The Ups and Downs of Working from Home
By Mary Mitchell

When I began my business in Philadelphia, I had a posh address and a staff of seven. Not that I really could afford the overhead, but outside perceptions demanded such accoutrements. Without them, you had no substance, no staying power and thus no magnetism for important assignments.

Things are different today. Major companies such as Merck, Lexis-Nexis and KPMG are advocating and supporting home offices for their key employees and managers. Consumers have demonstrated that one’s ability to provide a service does not depend on bricks and mortar.

Your Image, Even When Alone, Remains a Key
Still, perceptions are important. Professional is as professional does. While home-based workers needn’t don business suits every day, they simply won’t feel as professional and thus, be perceived that way, wearing slippers and flannel pajamas, unshowered and unshampooed.

A company in the Pacific Northwest proved conclusively that how we are dressed directly affects job performance. Once dressed for work, you can consider and deal with the interpersonal relationships that surround anyone who works from home.

Familial Concerns
First, there’s your family. Although I have been consulting and training for a decade, written a syndicated newspaper column for as long, and published four books with two more appearing soon, my siblings don’t believe I work.

More specifically, they refuse to accept the fact that I have a real job.
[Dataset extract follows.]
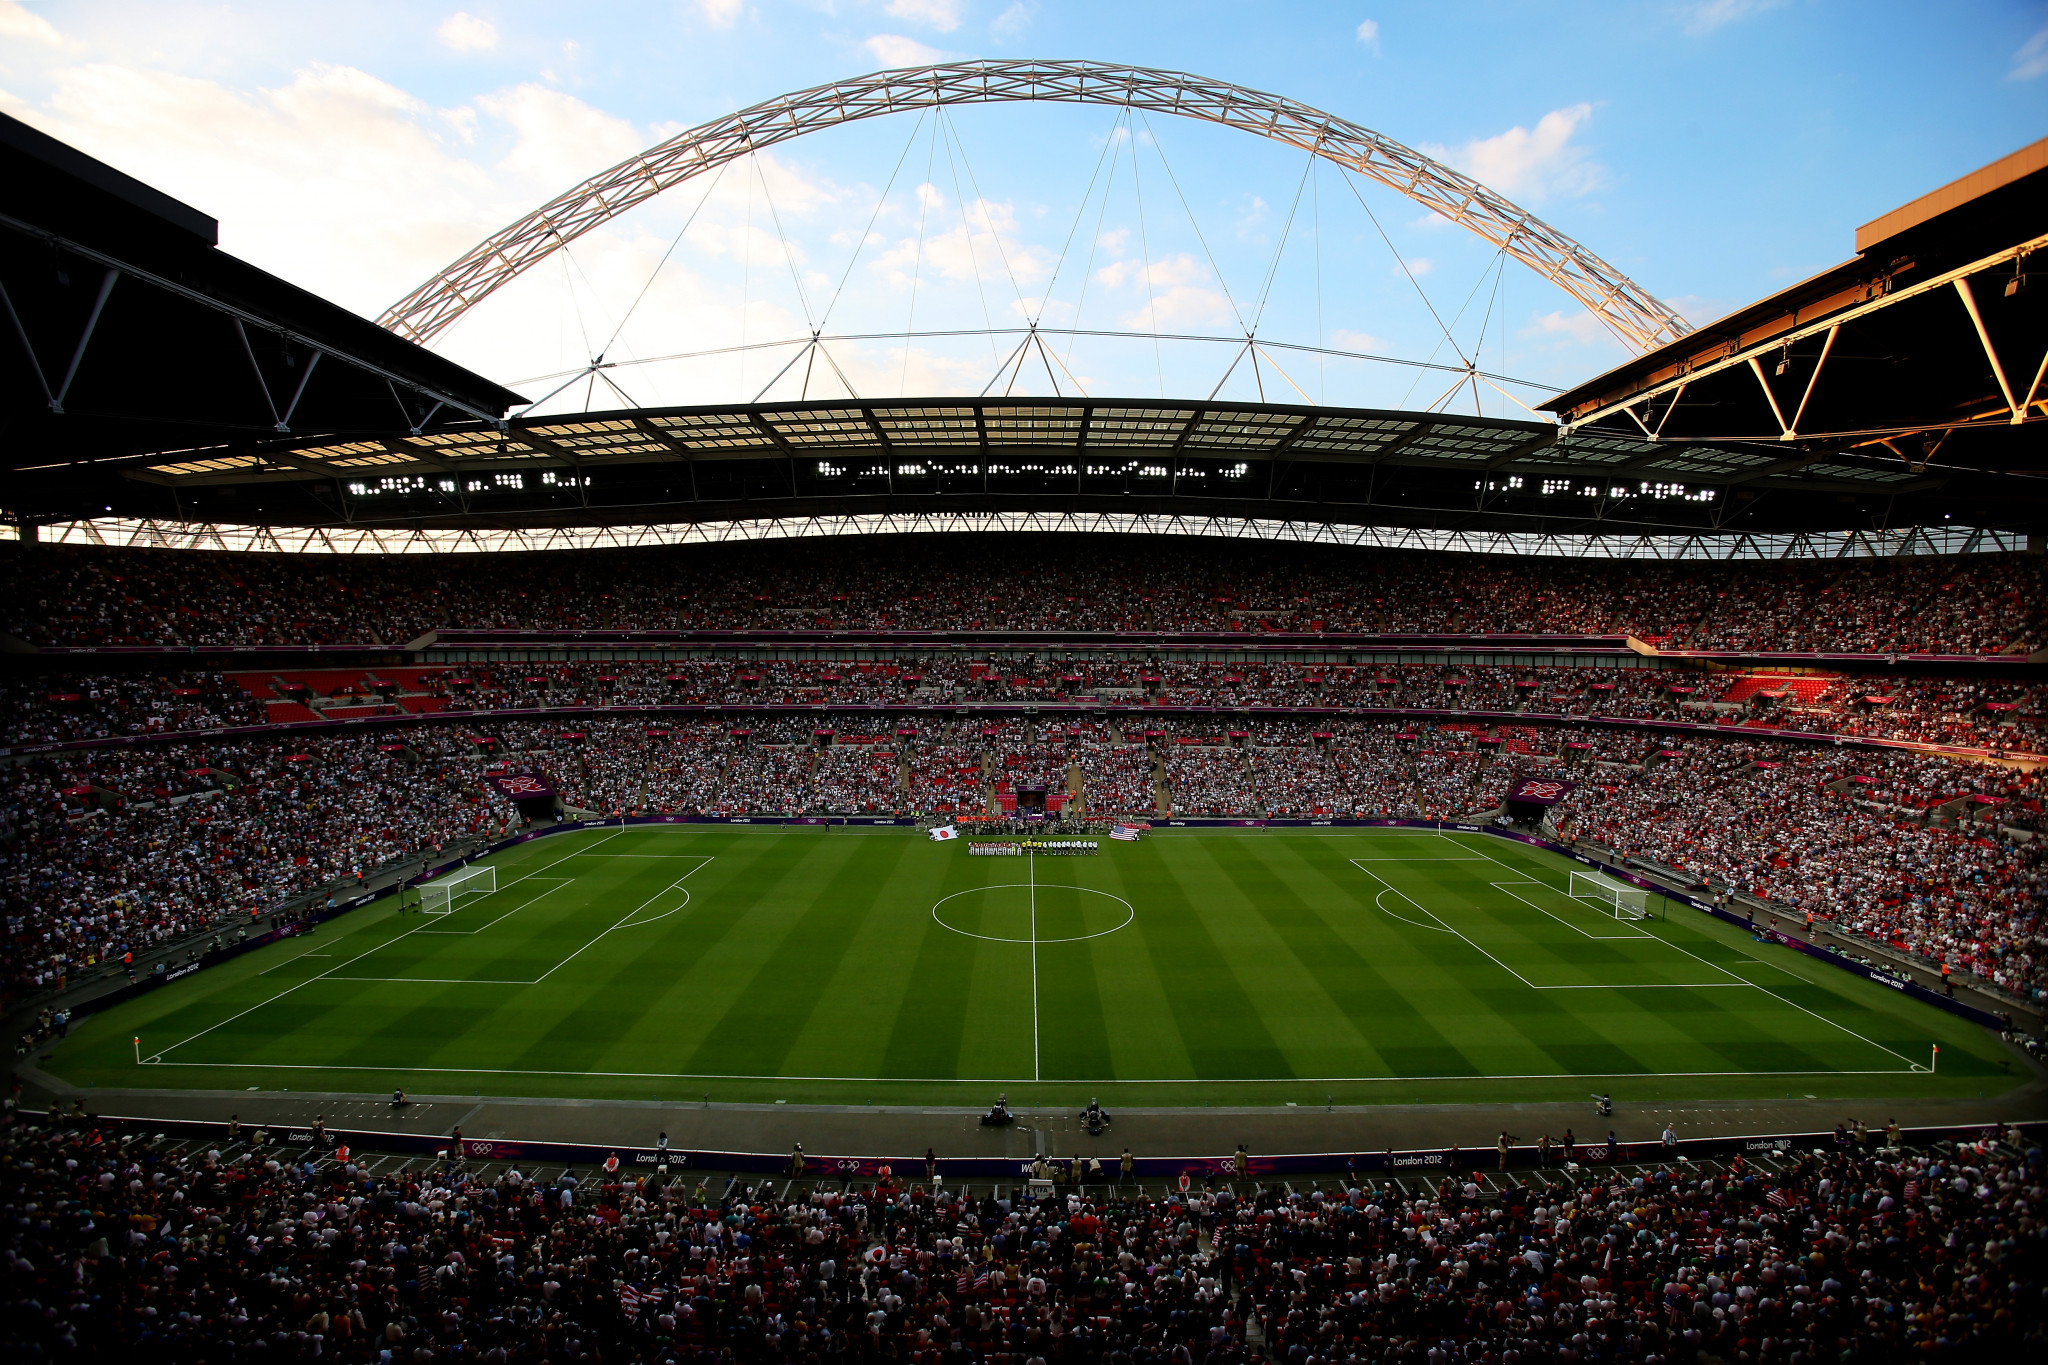 Fans at Wembley to require proof of vaccination or negative test for Euro 2020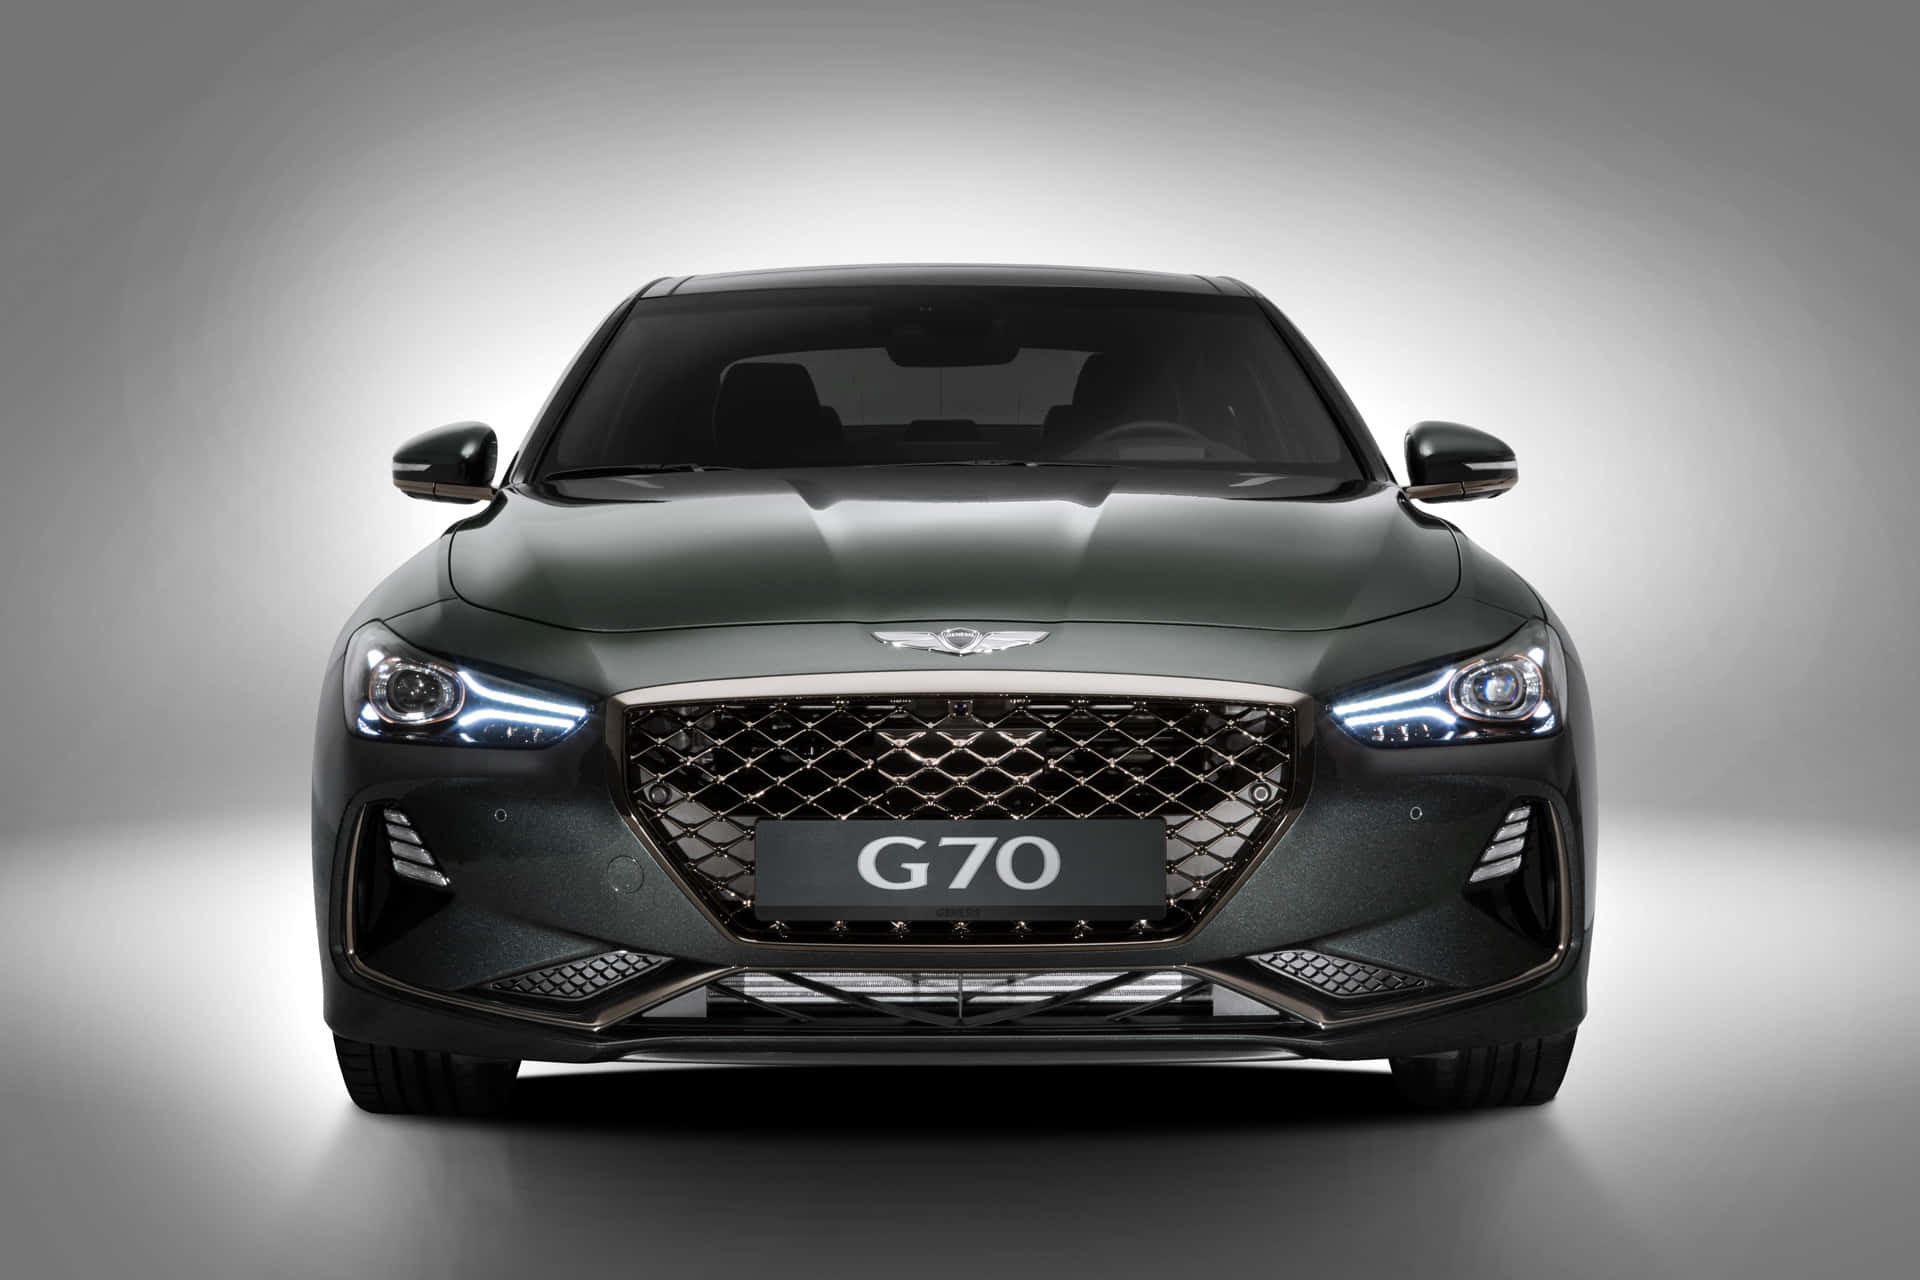 "Experience the luxury of a Genesis G90"

Here’s how that looks in daily life: I am at home and thus am accessible and available at all times. I’ve learned the hard way that getting defensive and emotional only fuels the perception of the silly little dilettante doing a bit of something creative to feel validated.

Instead, I took a few positive and concrete steps. First, I eliminated a home telephone line from my office. Next, I told the family that if they wanted to reach me during work hours, the work line was their best bet.

It’s important to provide this information in a voice as unemotional as though you are saying, “It’s raining outside.”

Setting 'Office' Hours
As for work hours, I’d like to tell you that I established a real schedule. The truth is that I often can be found before dawn and after dark at my computer, should the opportunity and the motivation prevail.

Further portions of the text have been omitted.